NHRA: With moment gone, is success Capped?

You never know when your moment has passed forever. There’s always tomorrow. At least, that’s the hope.

For Ron Capps, tomorrow has not yet come.

The best NHRA funny car driver to not win a championship suffered through a Powerade Drag Racing season that was about as successful as John Edwards’ campaign, but without the revelations of adultery.

So, at least he has that going for him.

If Edwards wanted to be president, Capps was the man who was almost king. He lost by eight measly points to teammate Gary Scelzi in 2005.

“Being that close, you think if you do it and can just get that ring on your finger, you think your life would be complete,” Capps said. “You don’t want to be a guy who’s out there just to be out there.”

After finishing second in 2005, he took third in 2006. He started thinking, “It’s just a matter of time.”

In last season’s Countdown format, Capps was in first place after 17 of the first 19 races, including the 14 preceding the playoff. Then, he faded to fourth and the title went to Tony Pedregon.

“A week after Pomona, every funny car driver had forgotten that Tony won the championship,” Capps said. “It’s not that big a deal unless you’re the person who won it.

“Or the person who lost it.”

The 2008 season figured to belong to Capps, Pedregon or Robert Hight.

With NAPA Auto Parts on board as a sponsor for the first year, and Capps not even close in the championship, the performance by the Dodge Charger owned by Don Schumacher Racing has been the season’s biggest disappointment. Coming off his semifinal finish at Richmond, Va., Capps moved up three spots, to seventh place.

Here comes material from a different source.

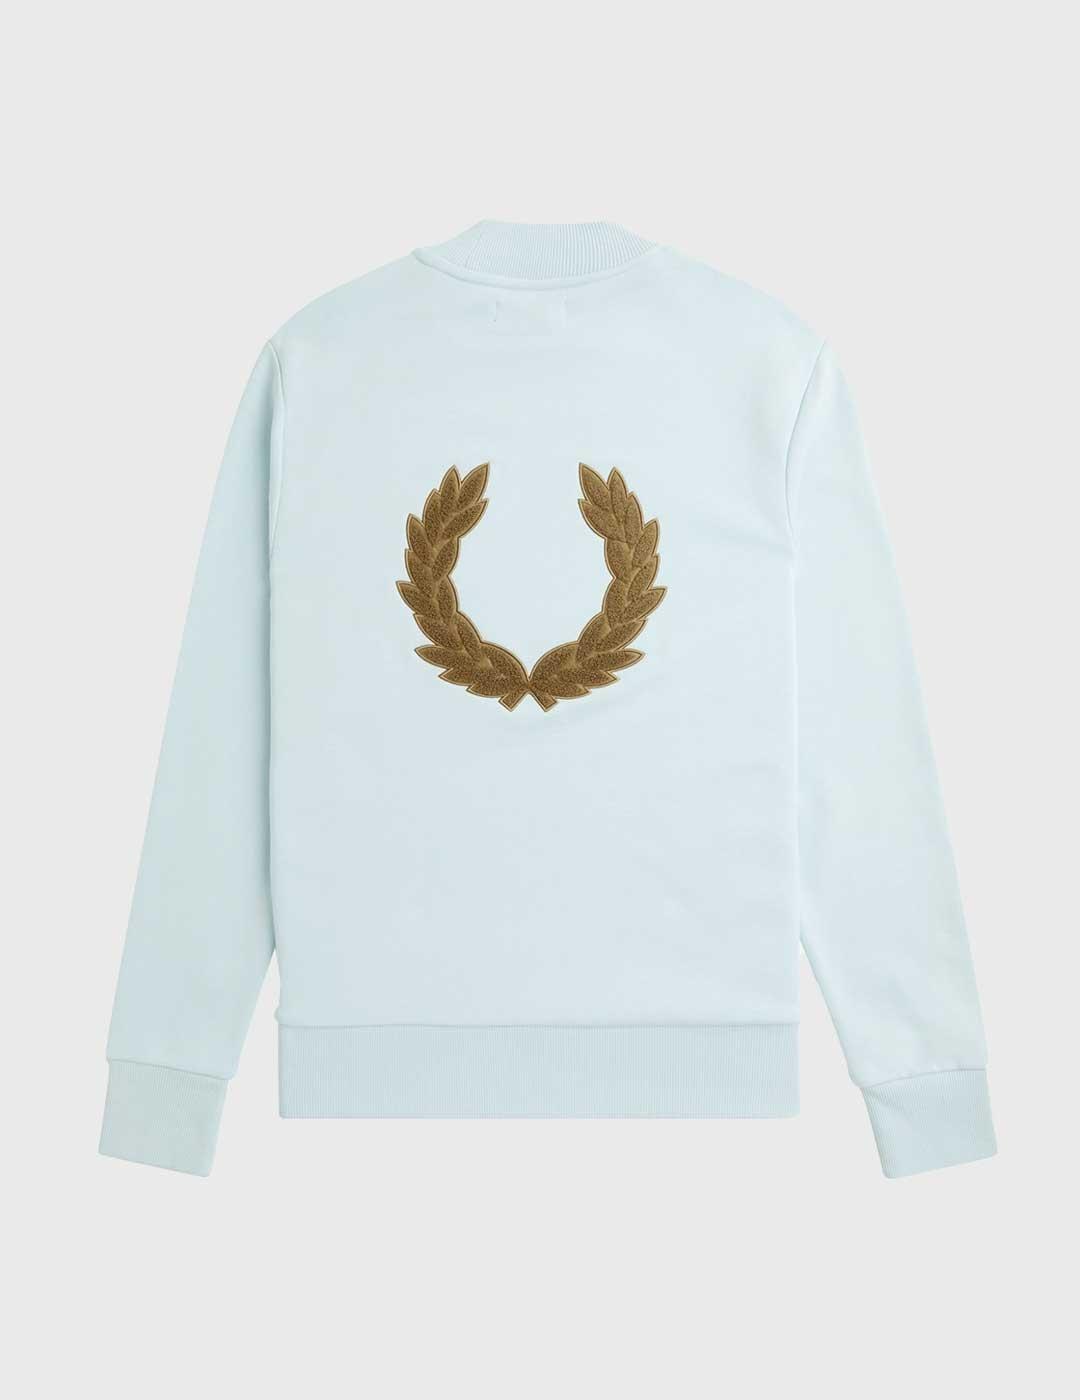 Fred Perry Laurel Wreath Graphic High Neck Sudadera azul

With only Pomona remaining, Capps is eighth and — more importantly — still looking for his first victory after winning 11 times from 2005-07.

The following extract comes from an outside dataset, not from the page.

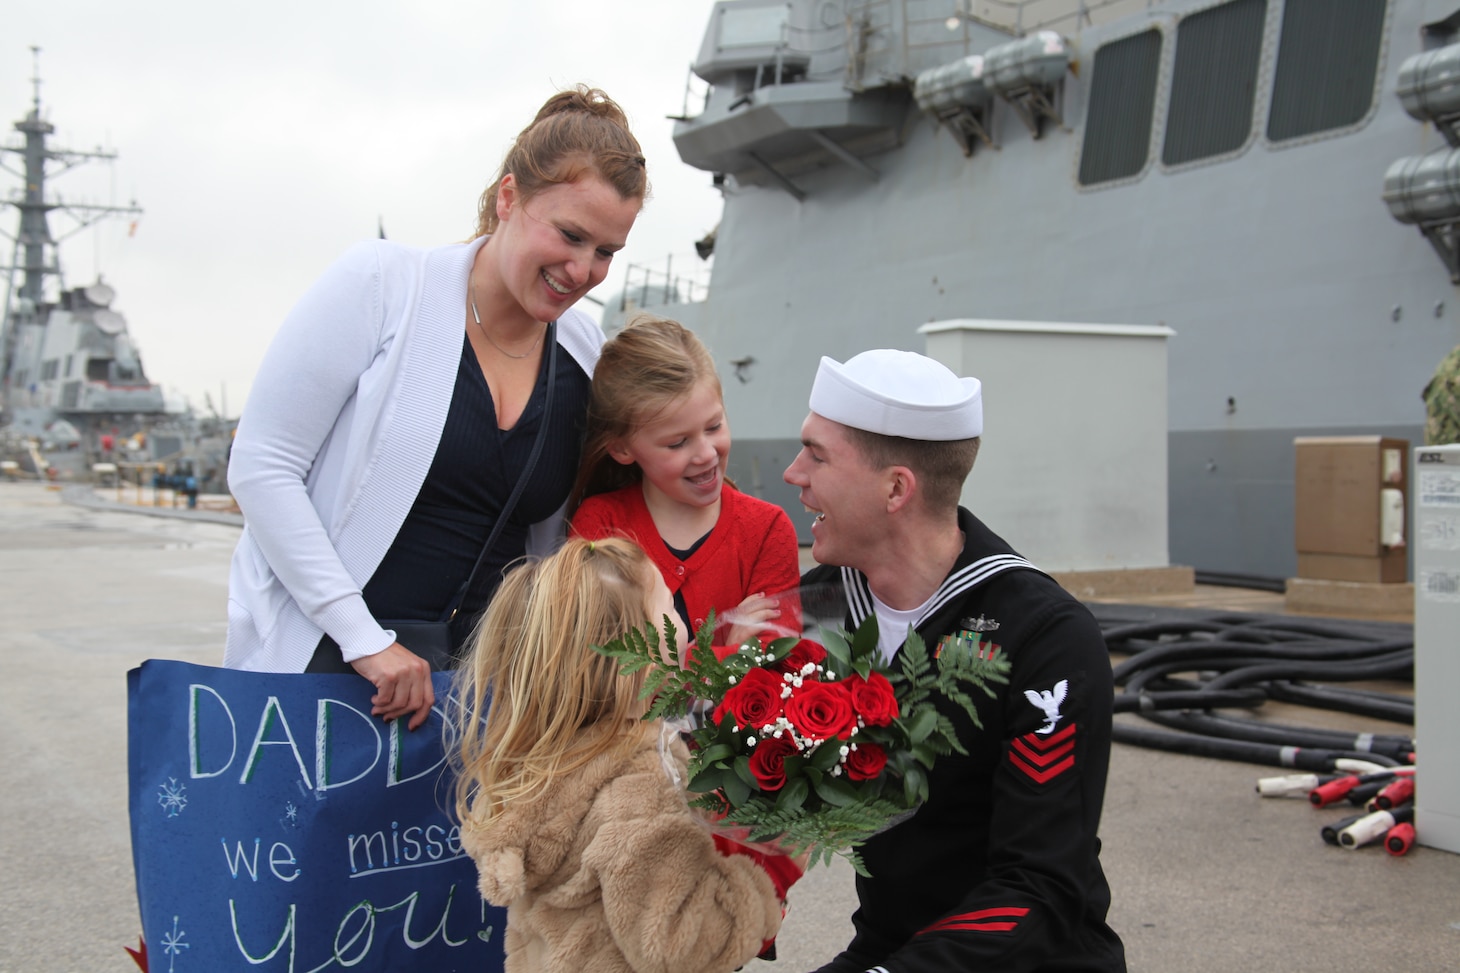 Gas Turbine System Technician First Class Kristofer Black is greeted by family after the Arleigh Burke-class guided missile destroyer USS Arleigh Burke (DDG 51) returned to Rota, Spain, Dec. 23, 2021, completing her inaugural patrol as a member of the U.S. Navy’s Forward Deployed Naval Forces-Europe (FDNF-E). Arleigh Burke, forward-deployed to Rota, Spain, is on its first patrol in the U.S. Sixth Fleet area of operations in support of U.S. National Security Interests and regional allies and partners.

Rookie funny car driver Melanie Troxel won this season. Tony Bartone and Del Worsham have victories, too, and their seasons have been even worse than Capps’.

He has been to the finals only once, and for a driver and team of this caliber, that’s not the way it’s supposed to be.

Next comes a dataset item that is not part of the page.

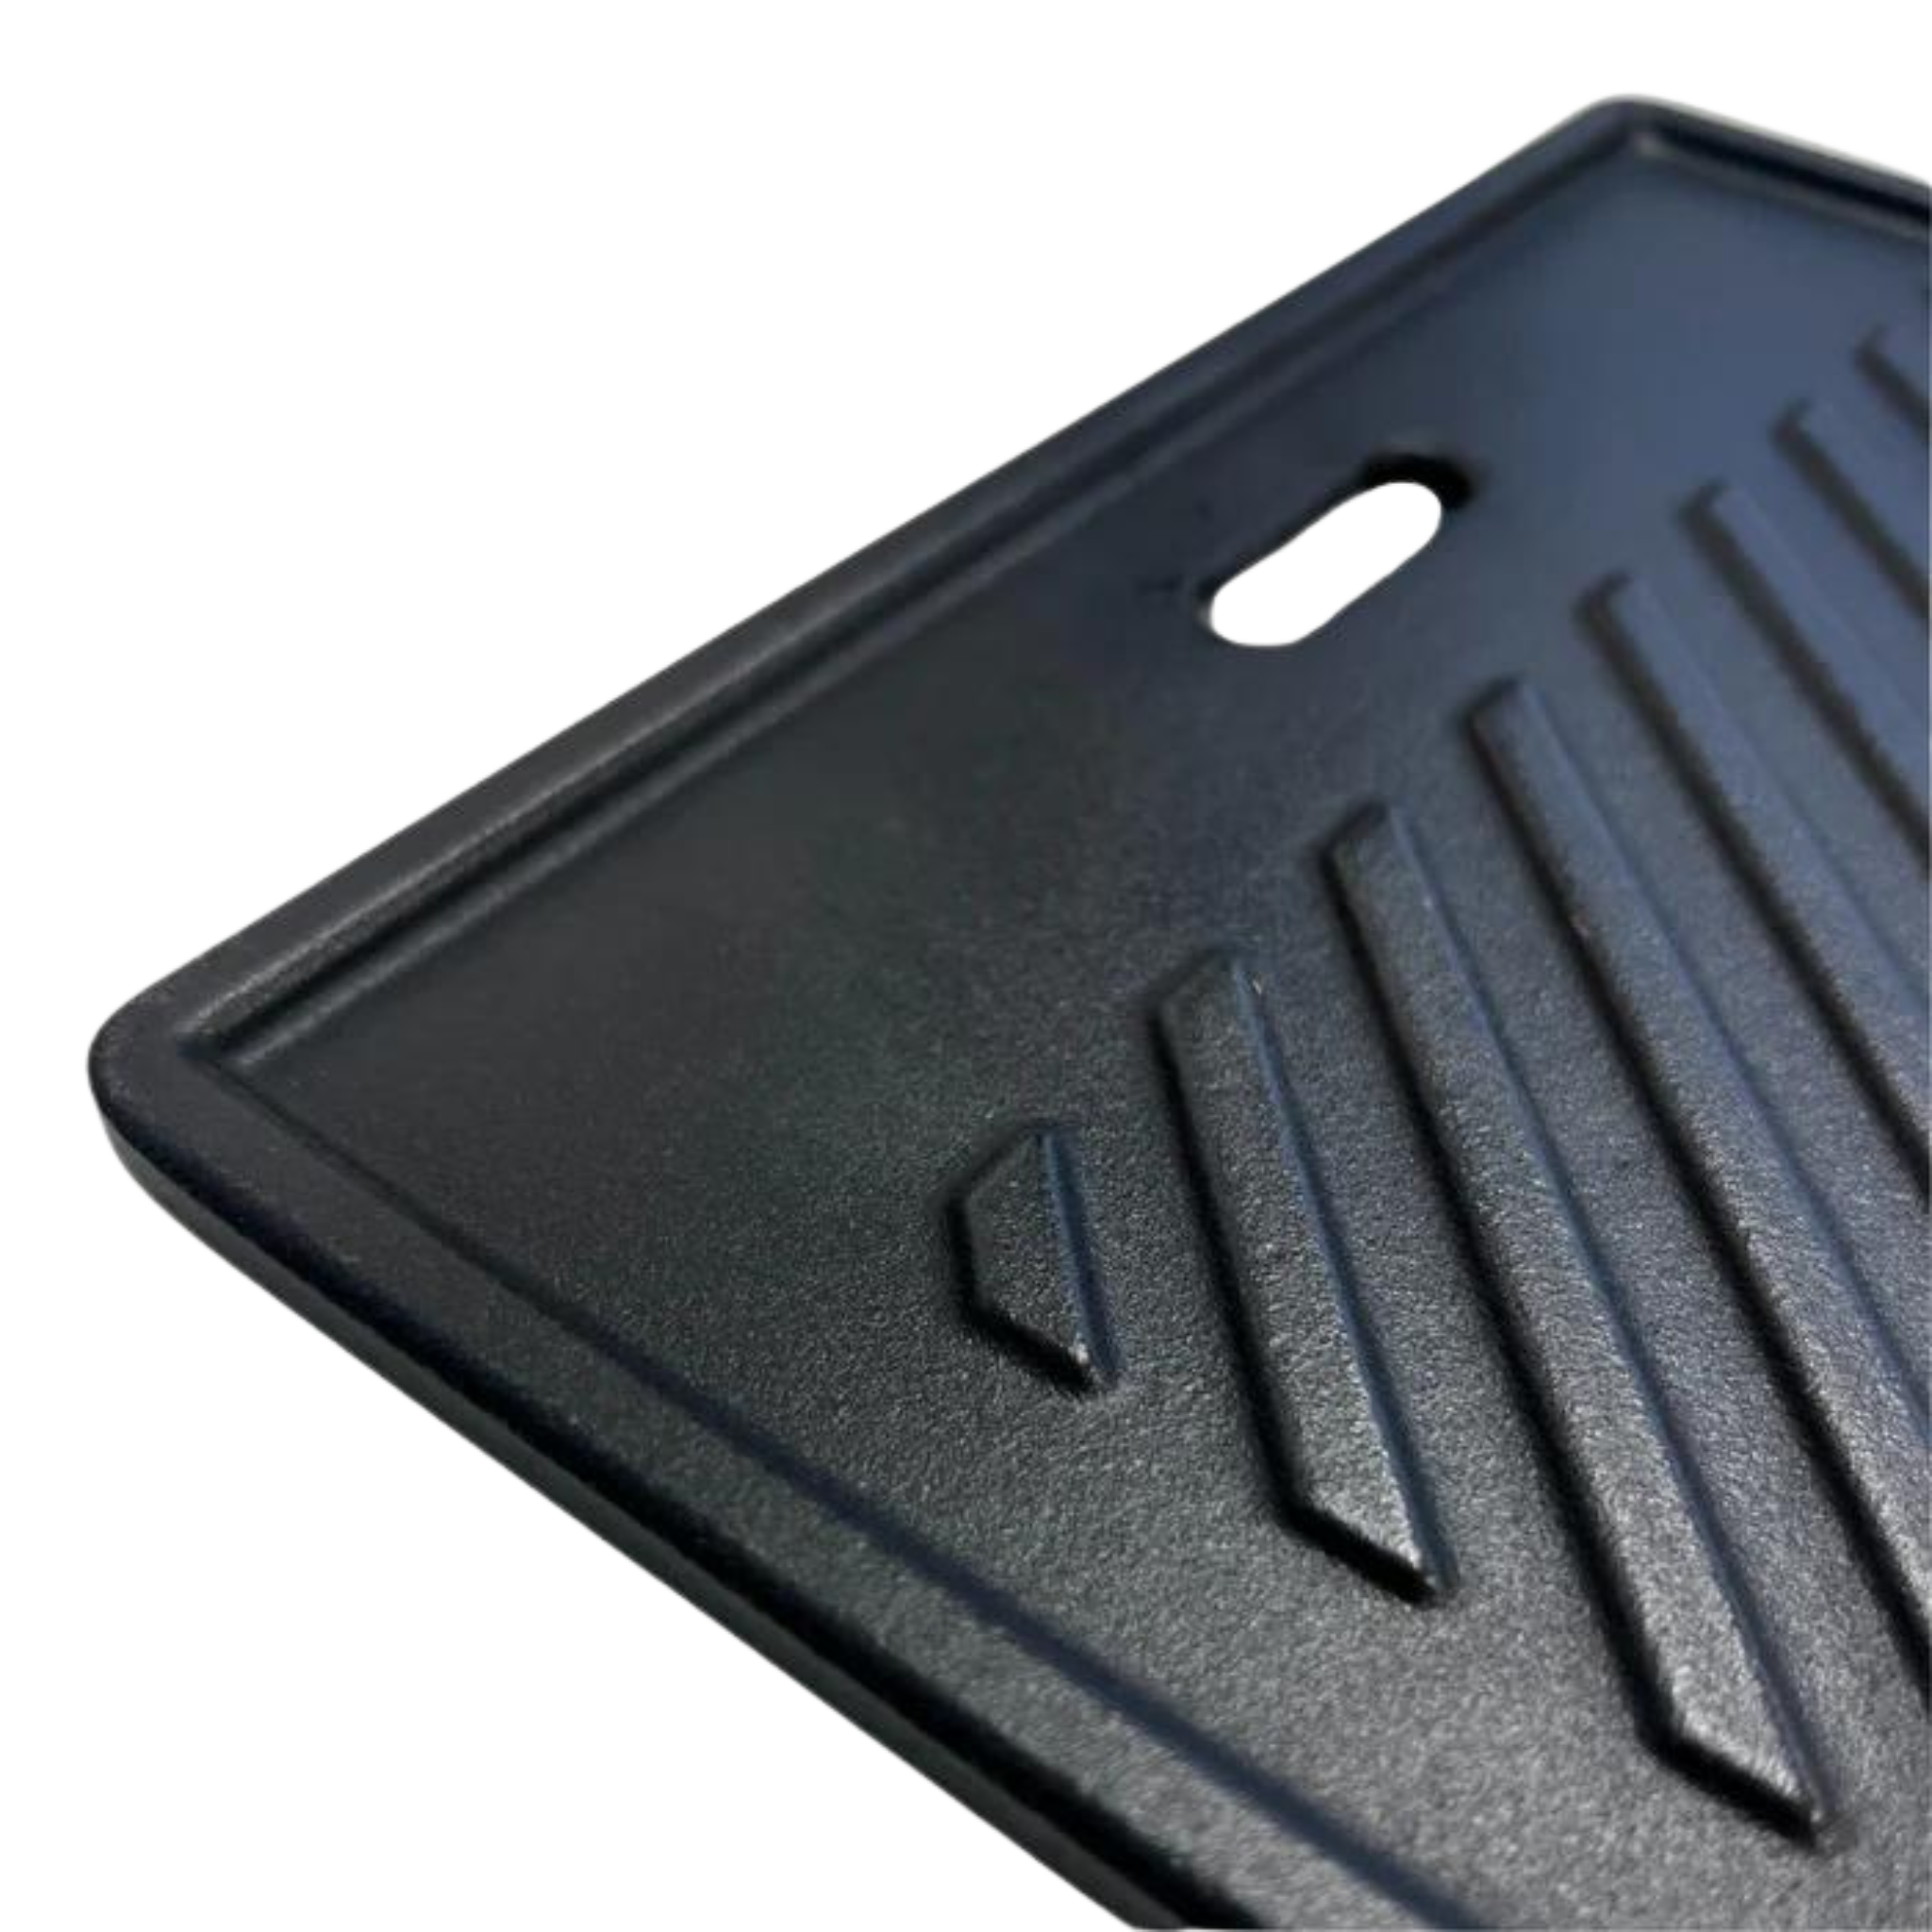 CosmoGrill Cast Iron Grill and Griddle Set for DUO Series

“Every time I win a race, I relish it. You have to,” he said. “In our sport especially, you think it will come again, but you really don’t know.”

Cory McClenathan has finished second in the top fuel championship four times and has 30 victories. He won twice in 2000, and was out of a ride in 2001. That’s how quickly things can change. He has won only three times since.

Doug Kalitta had the Top Fuel title all but clinched two seasons ago before Tony Schumacher’s improbable finale at Pomona left the Kalitta camp stunned and in second place. Kalitta has won one race since, none this season.

Capps’ words reverberate through his head: “But you don’t really know.”

Capps was so close to winning the championship in 2006 he could taste it. In the offseason, he would walk down the streets of Carlsbad, Calif., and out of the blue the significance of the moment would knock him over. One second he’s thinking about lunch, the next he’s thinking to himself, “Damn, I was this close to being champion.”

It seemed he would have other chances. But chances can be fleeting. Maybe that’s why we should believe drivers when they say every victory is special.

There are no guarantees that the opportunity will be revisited. Capps may have given way to Jack Beckman. Maybe John Force has won his last title — or last race — and given way to Tim Wilkerson. Or maybe this is Wilkerson’s one chance of a lifetime.

But there’s a difference.

John Force has 14 titles and Ron Capps has none. And there are no guarantees that 2009 or beyond will be any different.

It’s racing. It’s reality. And it can be a cold one.